Determine the number of lines in the listing below where the string "Home" occurs; answer with the number alone.

[[ Information supplied, beginning ]]

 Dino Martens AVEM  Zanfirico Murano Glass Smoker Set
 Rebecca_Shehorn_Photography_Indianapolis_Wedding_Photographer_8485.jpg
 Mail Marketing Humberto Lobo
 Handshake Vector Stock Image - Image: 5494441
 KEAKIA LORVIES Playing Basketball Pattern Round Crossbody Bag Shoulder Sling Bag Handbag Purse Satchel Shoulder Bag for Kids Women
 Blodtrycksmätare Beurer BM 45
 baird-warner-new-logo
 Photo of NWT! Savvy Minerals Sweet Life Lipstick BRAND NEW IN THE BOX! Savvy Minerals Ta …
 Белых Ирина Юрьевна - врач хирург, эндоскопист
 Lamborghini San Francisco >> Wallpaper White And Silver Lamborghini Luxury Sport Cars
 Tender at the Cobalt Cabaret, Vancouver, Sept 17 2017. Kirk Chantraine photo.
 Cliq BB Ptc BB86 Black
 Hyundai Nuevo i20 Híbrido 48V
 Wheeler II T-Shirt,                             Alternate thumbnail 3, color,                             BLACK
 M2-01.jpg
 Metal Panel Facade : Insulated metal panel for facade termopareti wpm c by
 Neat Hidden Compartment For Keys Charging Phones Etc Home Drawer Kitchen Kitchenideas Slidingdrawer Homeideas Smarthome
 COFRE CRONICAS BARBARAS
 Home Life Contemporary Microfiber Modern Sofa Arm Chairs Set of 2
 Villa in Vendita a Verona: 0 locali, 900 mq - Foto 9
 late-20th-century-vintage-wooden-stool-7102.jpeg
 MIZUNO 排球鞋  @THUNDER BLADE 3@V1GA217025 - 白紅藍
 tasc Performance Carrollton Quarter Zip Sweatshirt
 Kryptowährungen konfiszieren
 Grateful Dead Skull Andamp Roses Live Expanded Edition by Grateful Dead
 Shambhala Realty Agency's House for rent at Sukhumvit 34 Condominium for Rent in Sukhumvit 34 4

[[ Information supplied, end ]]

- **Solution below**: 2